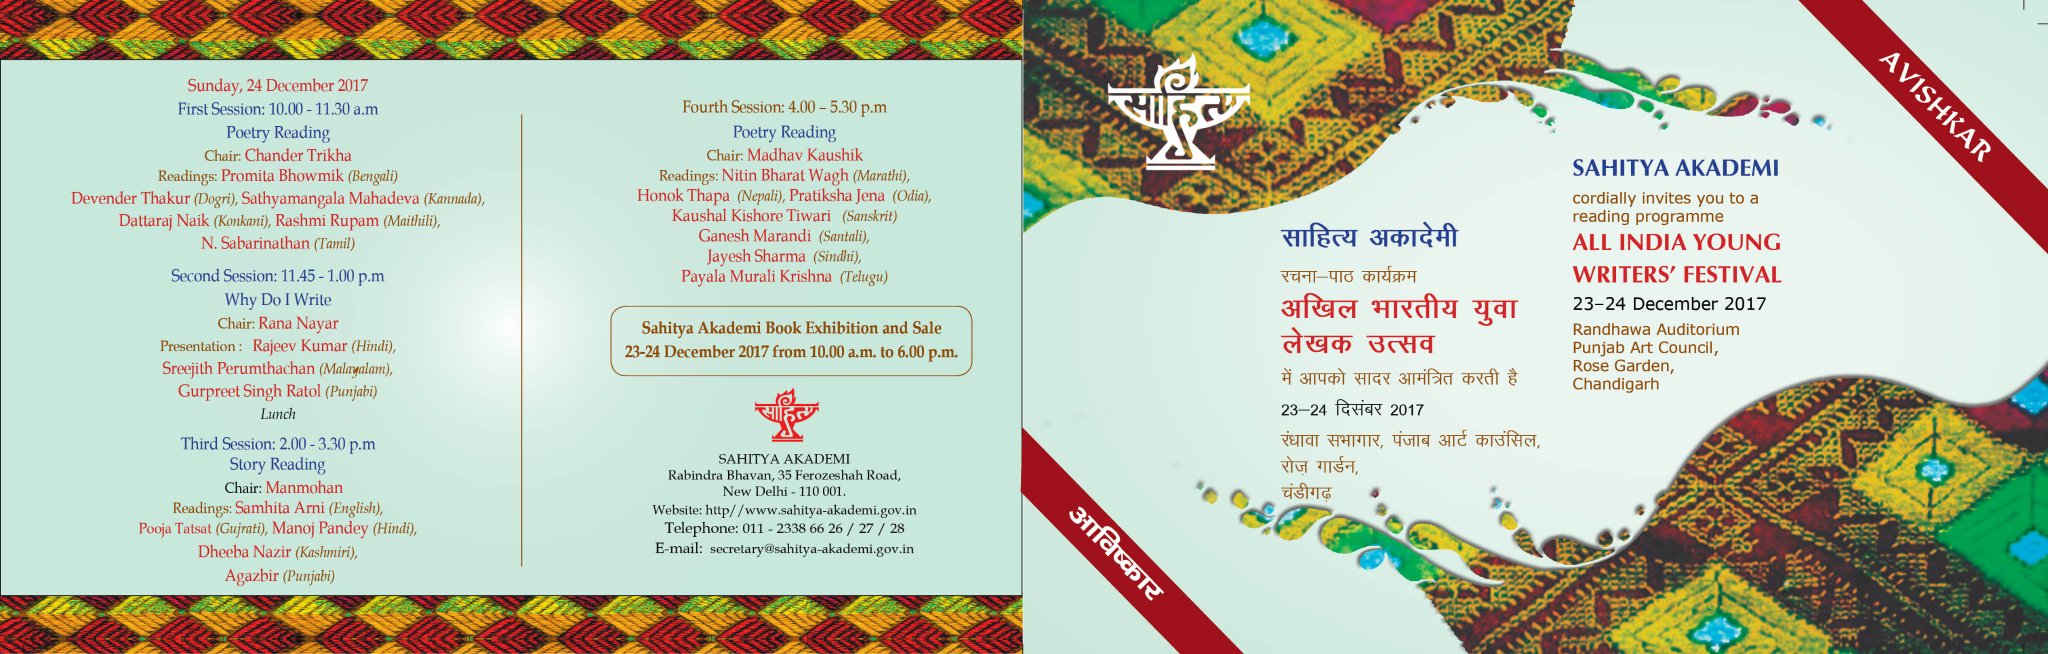 Sahitya Akademi On Twitter Sahitya Akademi Cordially Invites You
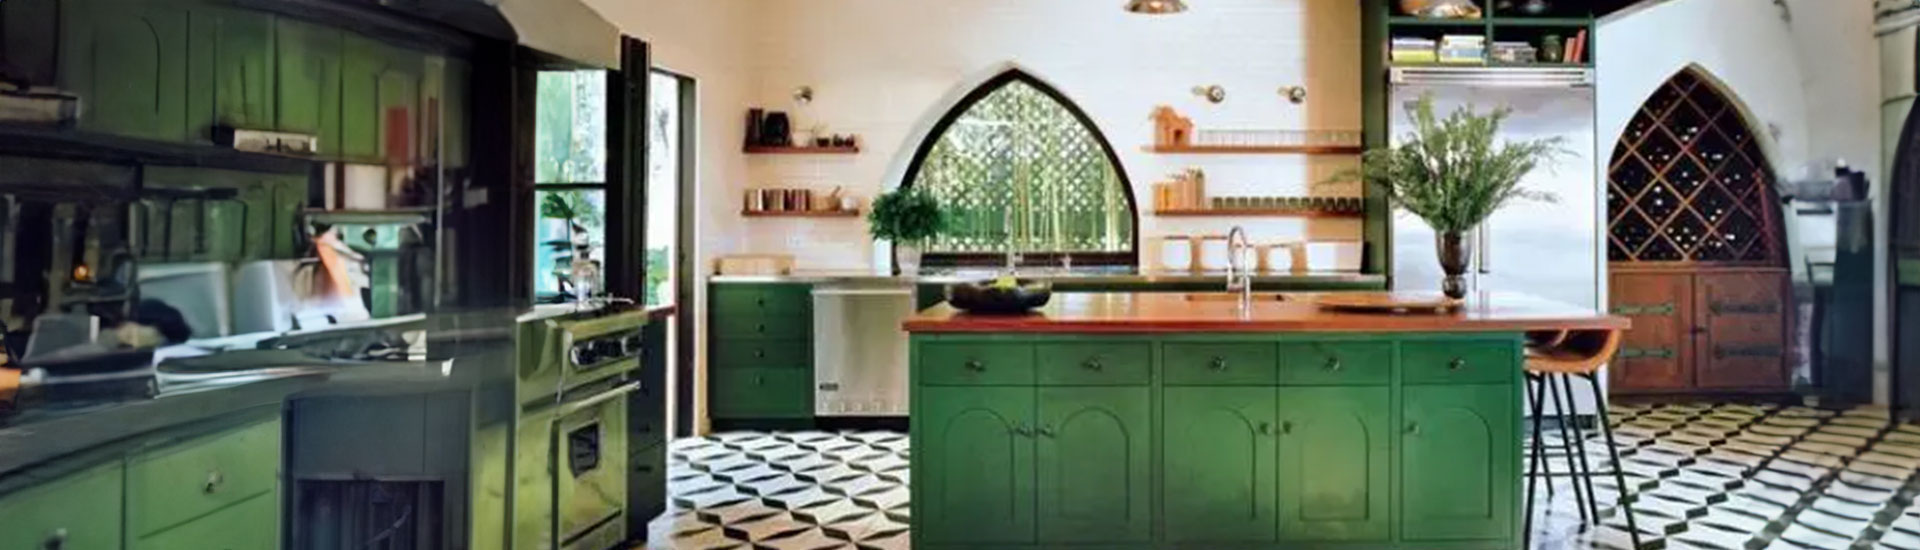 Green Kitchen Cabinet Wraps
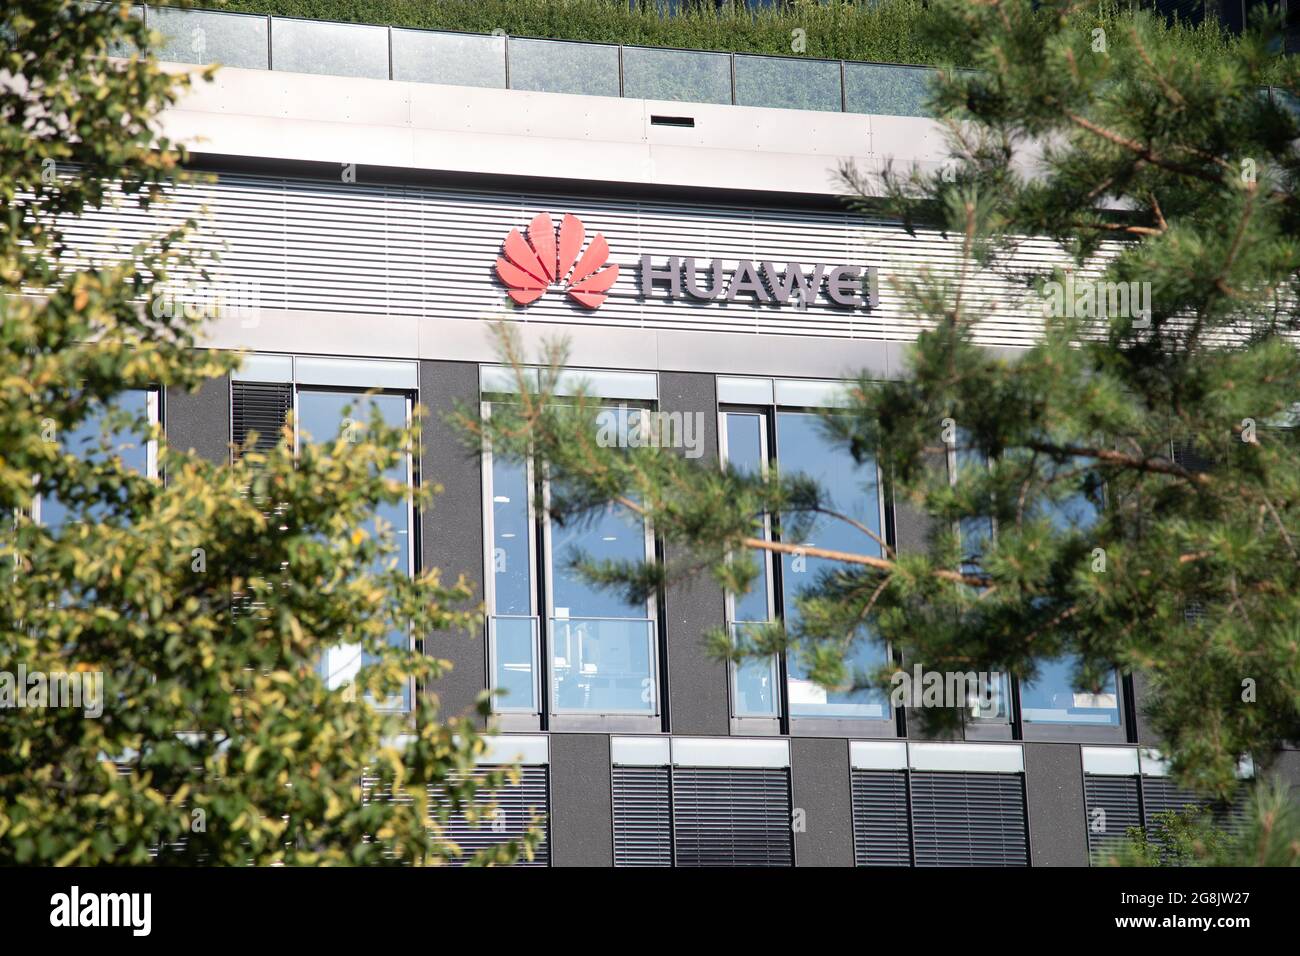 Büros vom größten Smartphone Hersteller der Welt Huawei Technologies Co. Ltd. in München. Huawei steht wegen der Nähe zum chinesischen Staat und der Partei in der Kritik. -- Bureaus of Huawei seen in Munich. (Photo by Alexander Pohl/Sipa USA) Credit: Sipa USA/Alamy Live News Stock Photo
##############################
## Work to be completed
Give back the listing word for word, minus its images.

## Exercise response
 Sahitya Akademi On Twitter Sahitya Akademi Cordially Invites You
 Green Kitchen Cabinet Wraps
 Büros vom größten Smartphone Hersteller der Welt Huawei Technologies Co. Ltd. in München. Huawei steht wegen der Nähe zum chinesischen Staat und der Partei in der Kritik. -- Bureaus of Huawei seen in Munich. (Photo by Alexander Pohl/Sipa USA) Credit: Sipa USA/Alamy Live News Stock Photo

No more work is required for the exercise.